We’ve got a virtual play, revolutionary meditation, trippy cocktails, and more.
Here’s what you should check out this week:
Yumm: Learn about DC’s Ethiopian food scene with KAMA DC and food advocate/writer Anela Malik (the blogger behind Feed the Malik). Malik will talk to Ethiopian restaurateurs Sileshi Alifom, head of DAS Ethiopian in Georgetown, and Philemon Mastewal, the cofounder of Buna Coffeehouse in Petworth. Monday 8/17 at 6 PM; Free, register here.
Book talk: She was recognized for her writing before she shared her name publicly. Chanel Miller detailed the night of her sexual assault in an anonymous impact statement that went public after the perpetrator, Brock Turner, received a six-month jail sentence. Now, Miller has come forward to share more about her experience in the new book, Know My Name: A Memoir. Miller will speak with author Rebecca Solnit in a virtual Politics and Prose event. Tuesday 8/18 at 8 PM; $22-$27.51 (price includes a signed copy of the book), buy tickets here.
A night at the theater: This month marks the 100-year anniversary of the ratification of the 19th amendment which granted some, not all, women the right to vote. Unfinished Work is a new virtual play that focuses on those who were excluded—the women of color who fought for access to the ballot box long after 1920. Written by Ming Peiffer and directed by Whitney White, the piece highlights five leaders: Mary McLeod Bethune, Frances Ellen Watkins Harper, Zitkála-Šá, Mabel Ping-Hua Lee, and Jovita Idár. The play is based on the upcoming New York Times book Finish the Fight!: The Brave and Revolutionary Women Who Fought for the Right to Vote by Veronica Chambers and the newspaper’s staff. Tuesday 8/18 at 7 PM; Free, RSVP here.
For the kids: The DC Public Library is hosting a virtual story time event commemorating the centennial of the 19th Amendment. Hear Mara Rockliff’s Around America to Win the Vote: Two Suffragists, a Kitten and 10,000 Miles and see the illustrations by Hadley Hooper. Wednesday 8/19 at 3 PM; Free, watch in on Facebook live here.
Inhale, exhale: Explore how rest can be revolutionary in a Zoom event with local wellness org Well Read and The Mindfulness Center. There will be a 20-minute guided meditation followed by a discussion of the New York Times story “Rest as Reparations” by Sandra E. Garcia. Wednesday 8/19 at 7 PM, $10 suggested donation (proceeds go to meditation training scholarships), learn more here.
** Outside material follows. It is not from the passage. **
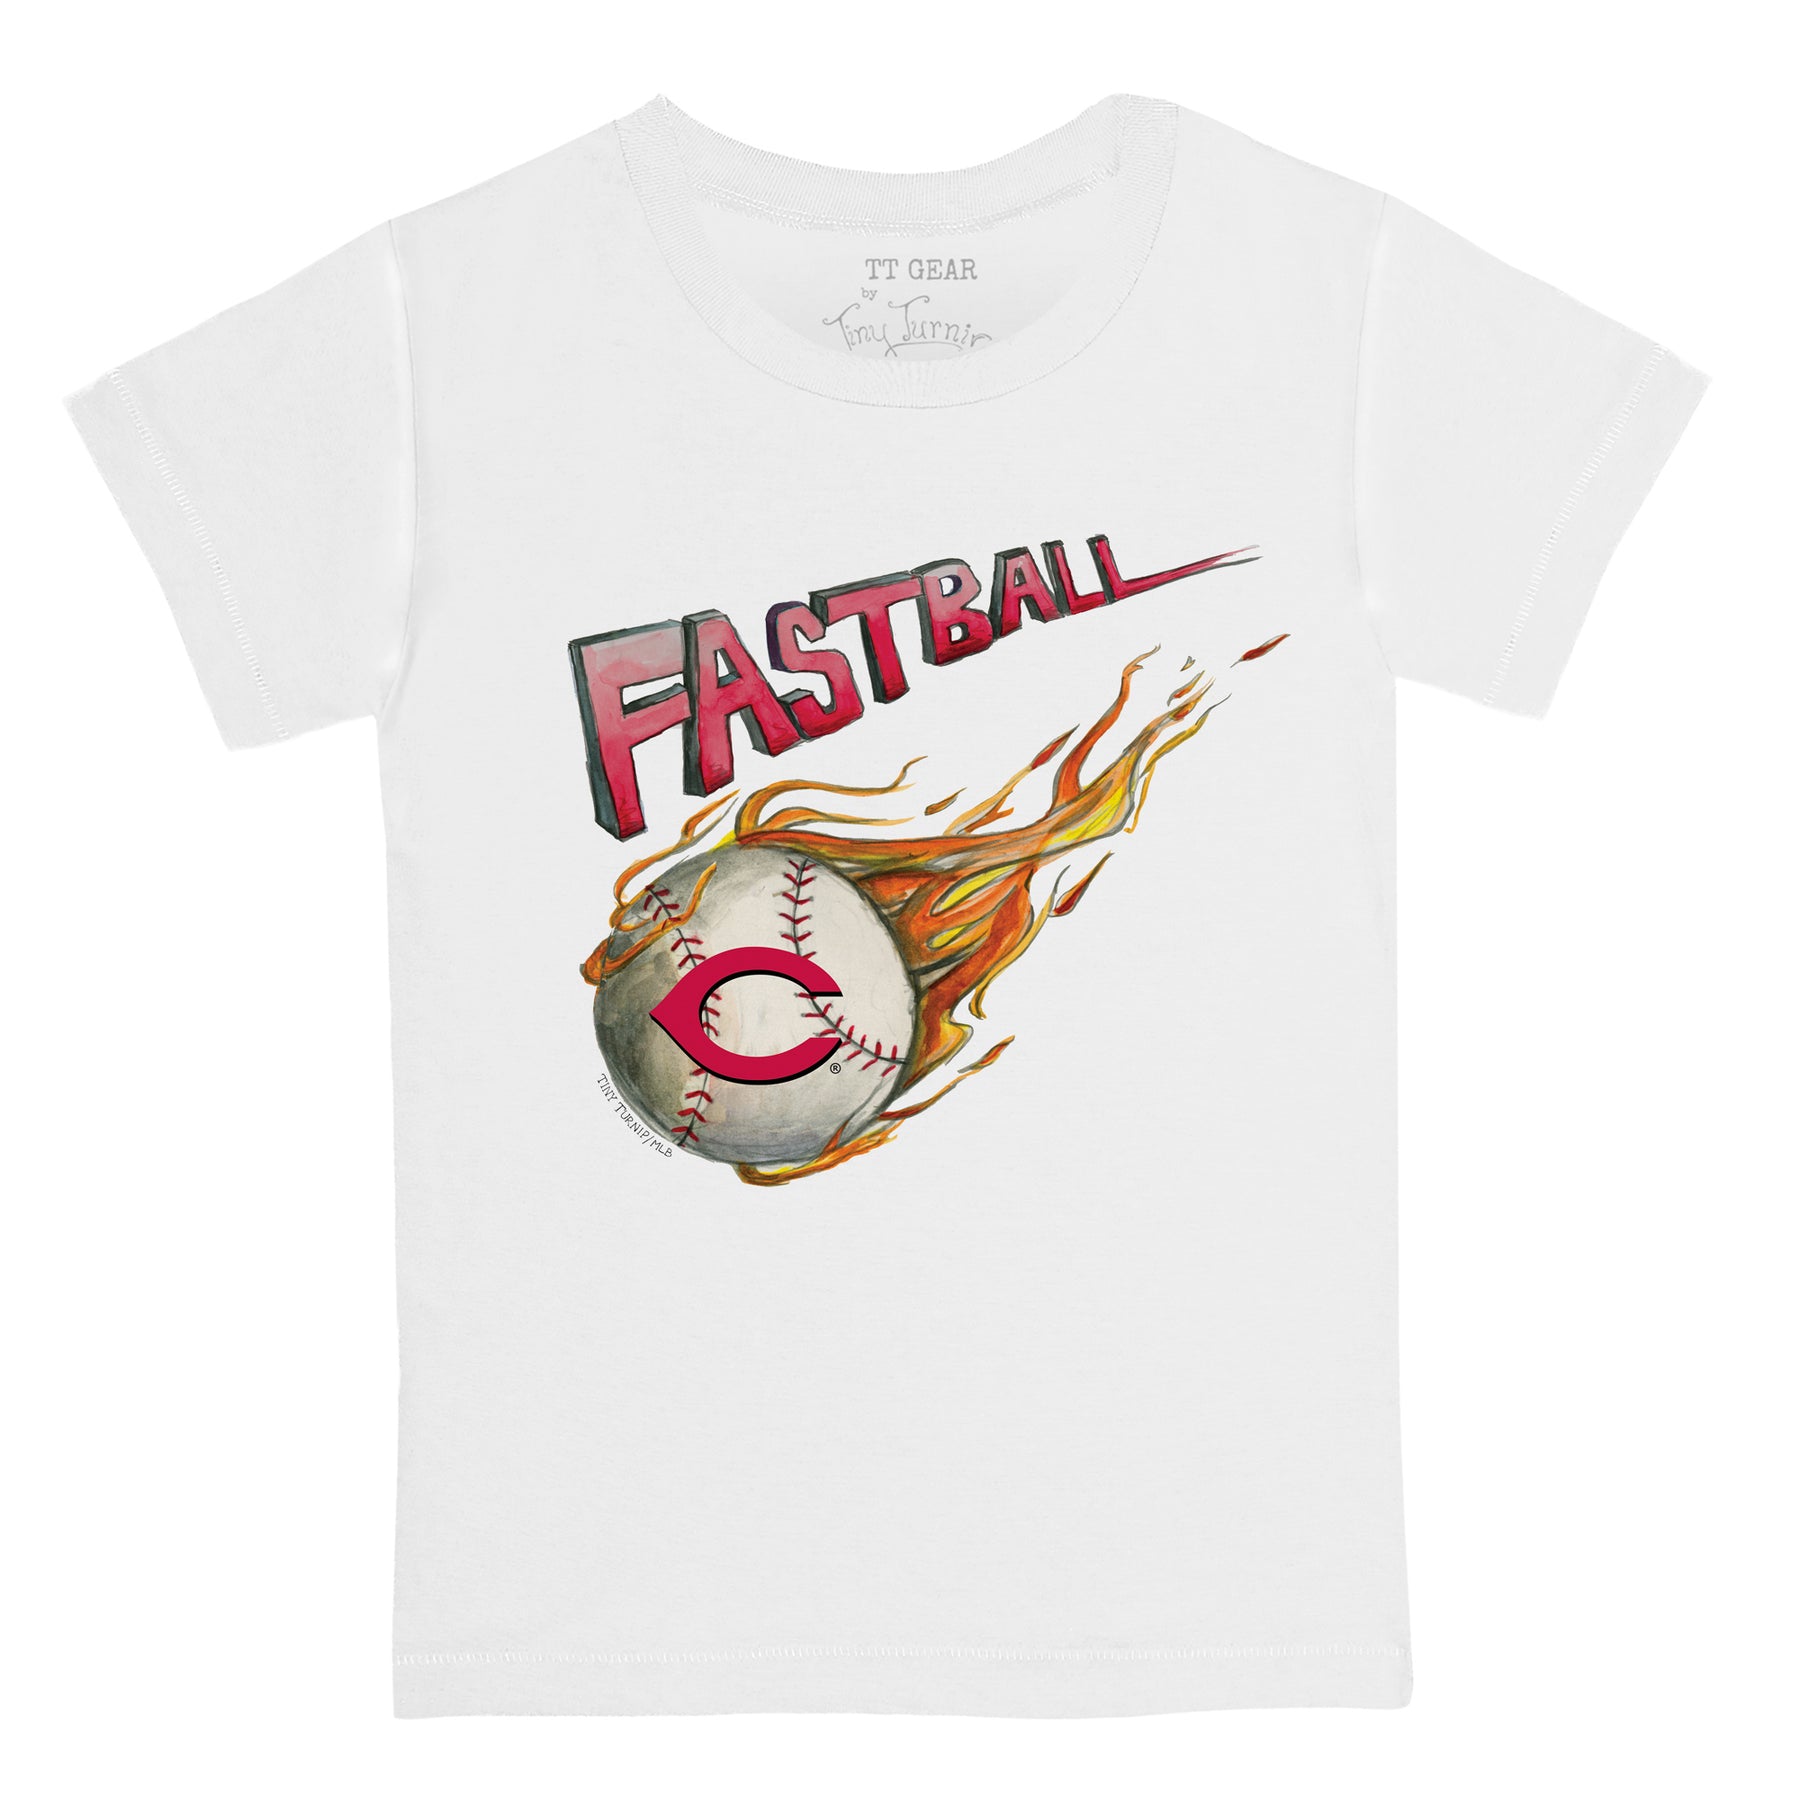 Cincinnati Reds Fastball Tee Shirt

In good news: BABY PANDA ALERT. This is not a drill. The National Zoo is reporting “exciting movements” from panda Mei Xiang’s ultrasound. Read more about the new panda cub here.
Magical drinks: The innovative tech-art gallery Artechouse is known for its motion-sensor light exhibits and augmented reality bar. You can take part of that experience home with you now with to-go cocktail pouches (yes, like an adult Capri Sun) in collaboration with Colada Shop, Maketto, and Thamee. Scan the code on your pouch with your phone to see cool floral graphics tied to the current cherry blossom-focused show, “Hanami: Beyond the Blooms.” Learn more here.
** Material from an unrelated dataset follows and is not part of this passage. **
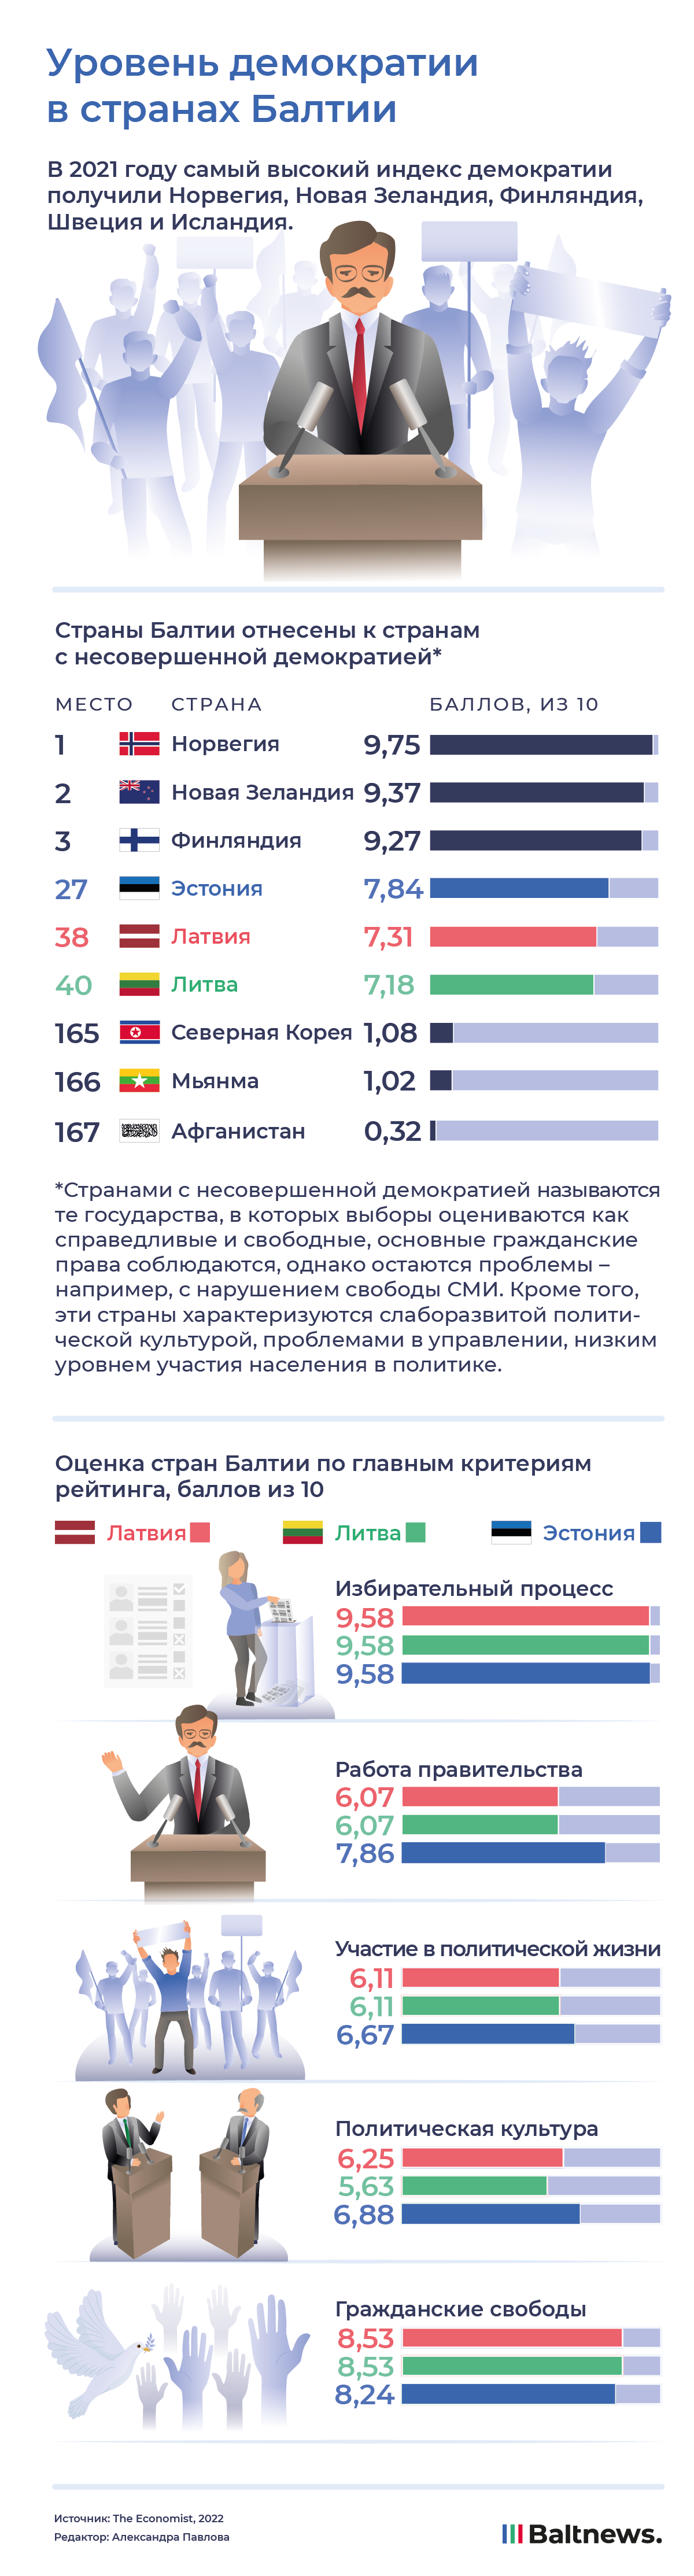 Democracy Index 2021

Fauci swag: Throw away your old Anthony Fauci toy and trade up for a new-and-improved bobblehead featuring the famous Fauci facepalm. I’m really not kidding.
Summer restaurant week: Find out what you need to know about this year’s restaurant week, takeout edition, here. Our critic Ann Limpert has her recs for what you should eat here. And, if you’re really just looking for brunch deals, we have suggestions here, too.
A vibe check:
Are you taking care of yourself? Getting enough sleep? Drinking enough water? We’re nearly six months into a pandemic and I don’t think we’re talking about our mental health enough. It’s easy to think that by this point, we could have and should have adjusted. Humans adapt! Right? Once it became clear that this wouldn’t be some sort of temporary moment of hardship and inconvenience, I thought—probably naively—that I could still achieve some sort of equilibrium. Yes, it would be a rough transition and I’d have my challenges, but eventually I will get used to it. Yet here we are in the middle of August and I am still struggling. How are you coping?
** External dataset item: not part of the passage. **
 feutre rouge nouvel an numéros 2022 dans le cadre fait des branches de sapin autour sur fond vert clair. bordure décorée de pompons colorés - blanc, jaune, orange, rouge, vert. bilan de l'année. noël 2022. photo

One thing that helps me (even though I do it so infrequently) is cooking. I like the rhythm and order of following a recipe and inhaling the various aromas from fresh herbs like cilantro and recao, which my mother uses to make her amazing rice and beans. I’m trying to get better at chopping (I doubt any prep time estimate because I am that slow) and improvising, which I rarely try with anything that isn’t breakfast. (I am a BIG breakfast person.) Do you have a favorite recipe to make when you’re stressed? I wish I could be as skilled as a stress baker—I know many of them—but my attempts would probably rival the cake fails on Nailed It!